Task item
All lines from the one holding "Happy birthday to" to the end of the listing are to be output exactly, both ends included, with any pictures left out.

Collected material
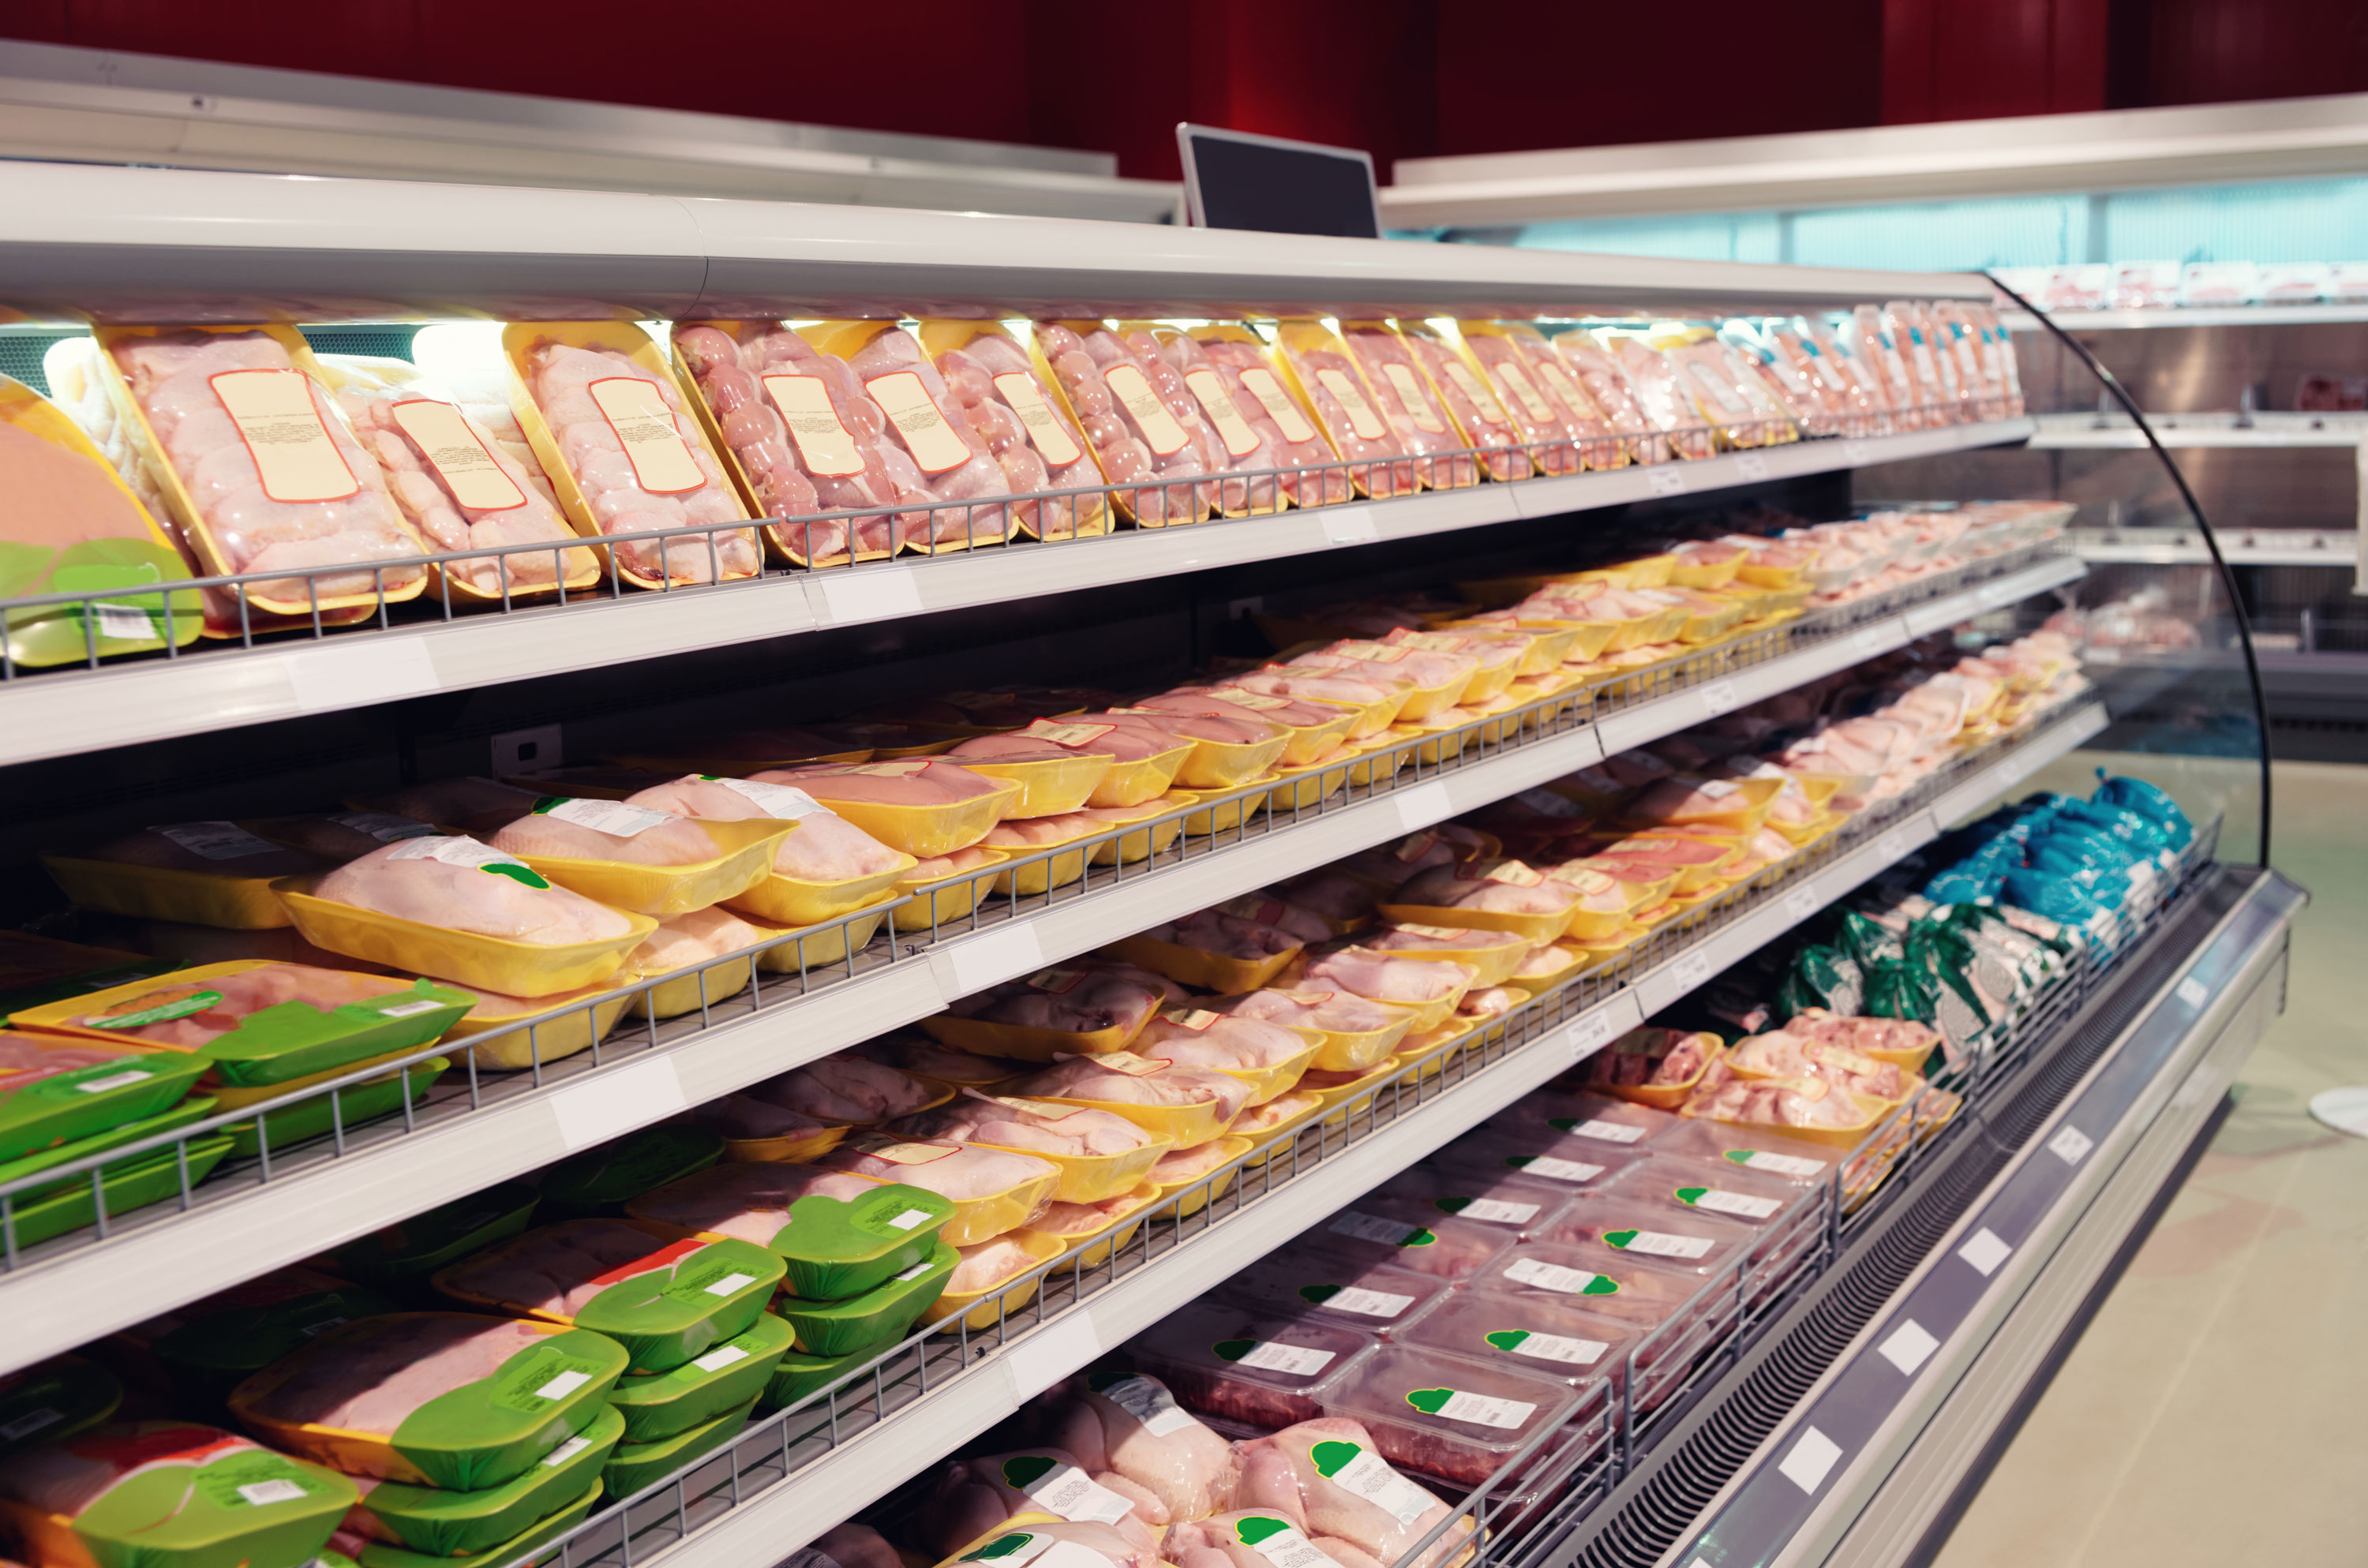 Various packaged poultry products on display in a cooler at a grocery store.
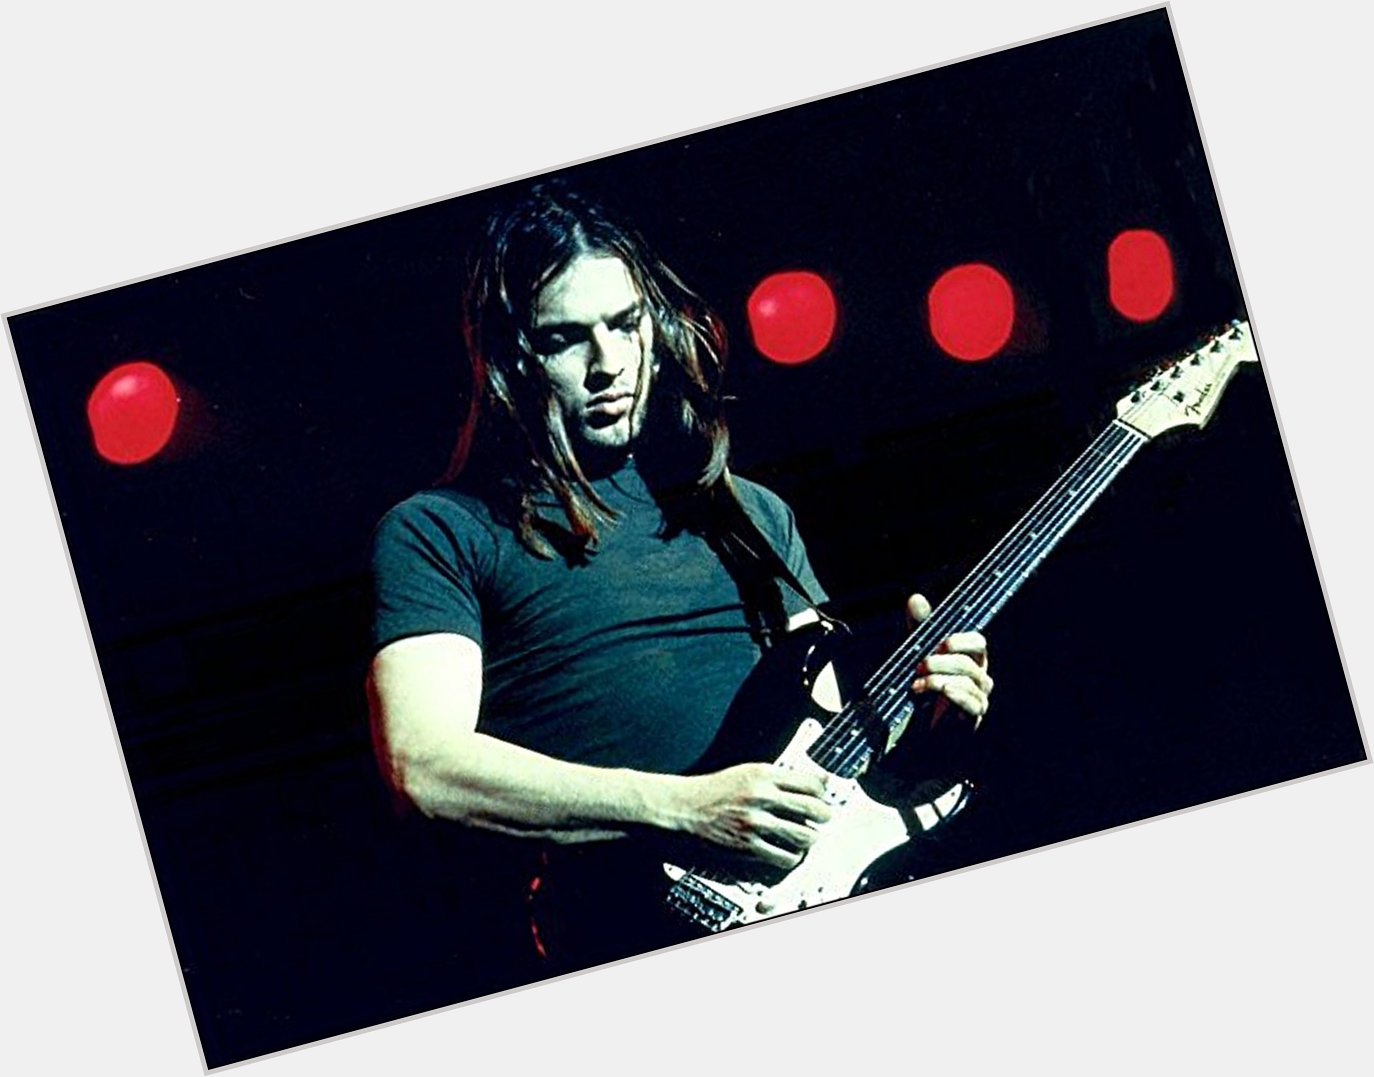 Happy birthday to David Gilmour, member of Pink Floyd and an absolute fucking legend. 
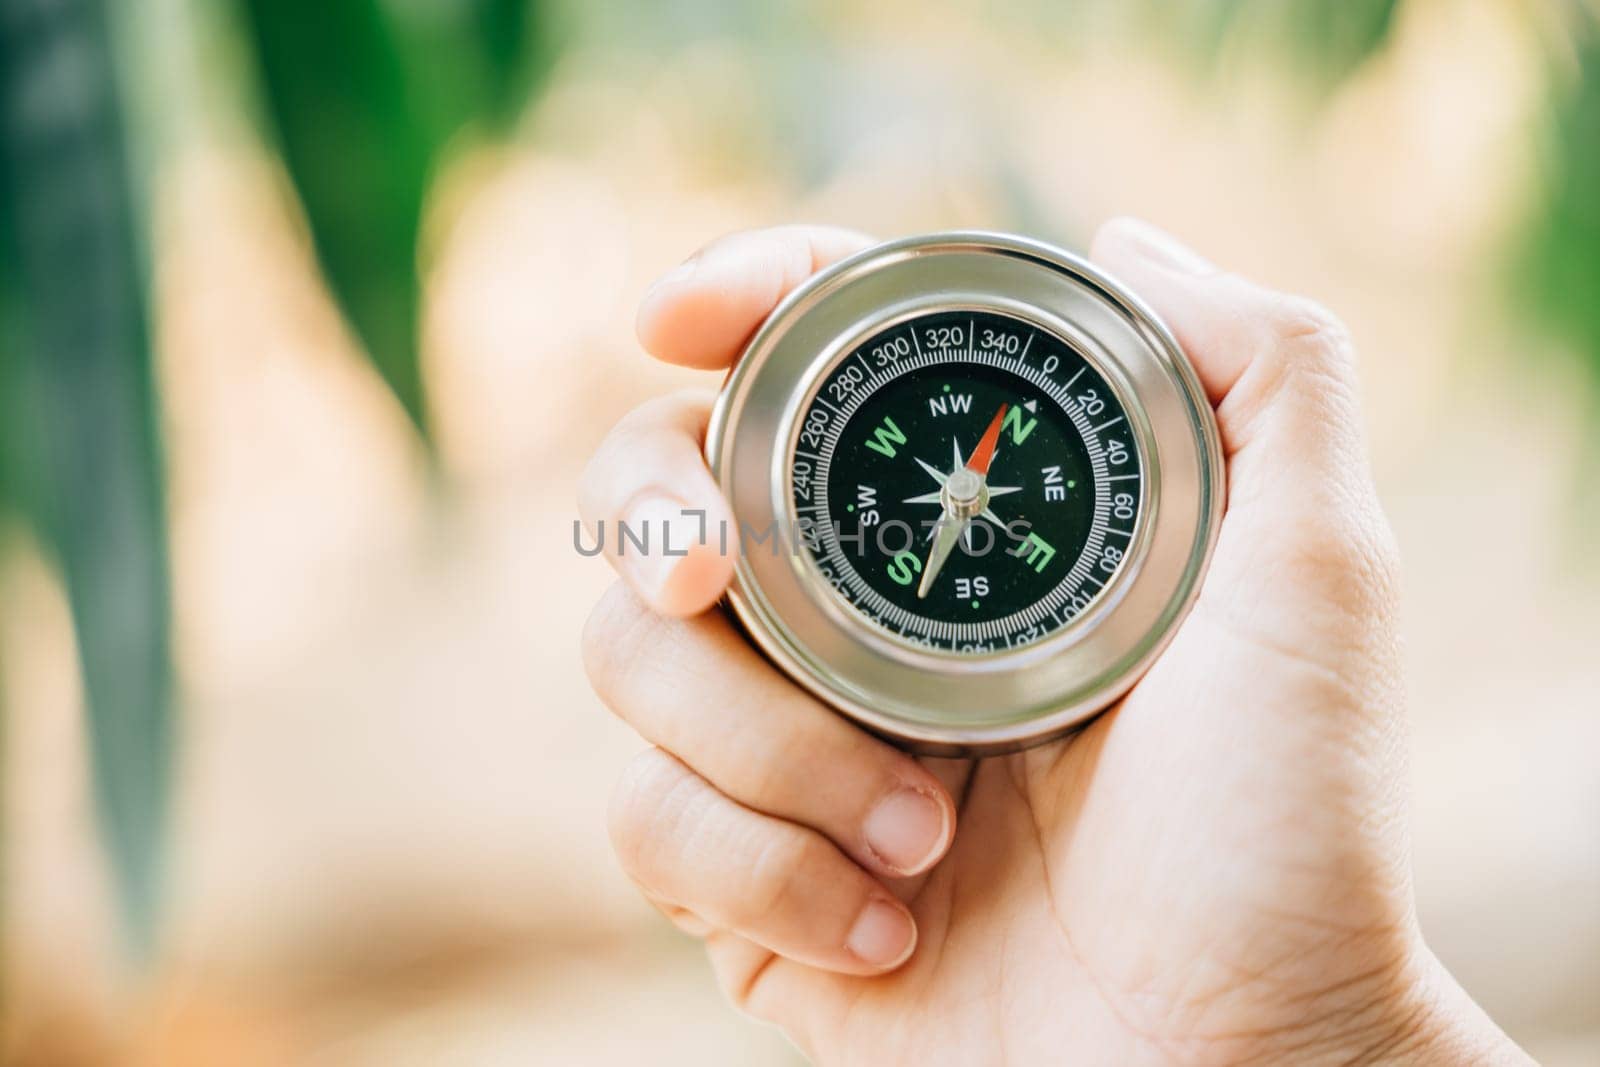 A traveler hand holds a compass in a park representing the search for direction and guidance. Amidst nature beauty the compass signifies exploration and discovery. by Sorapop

Your solution
 Happy birthday to David Gilmour, member of Pink Floyd and an absolute fucking legend. 
 A traveler hand holds a compass in a park representing the search for direction and guidance. Amidst nature beauty the compass signifies exploration and discovery. by Sorapop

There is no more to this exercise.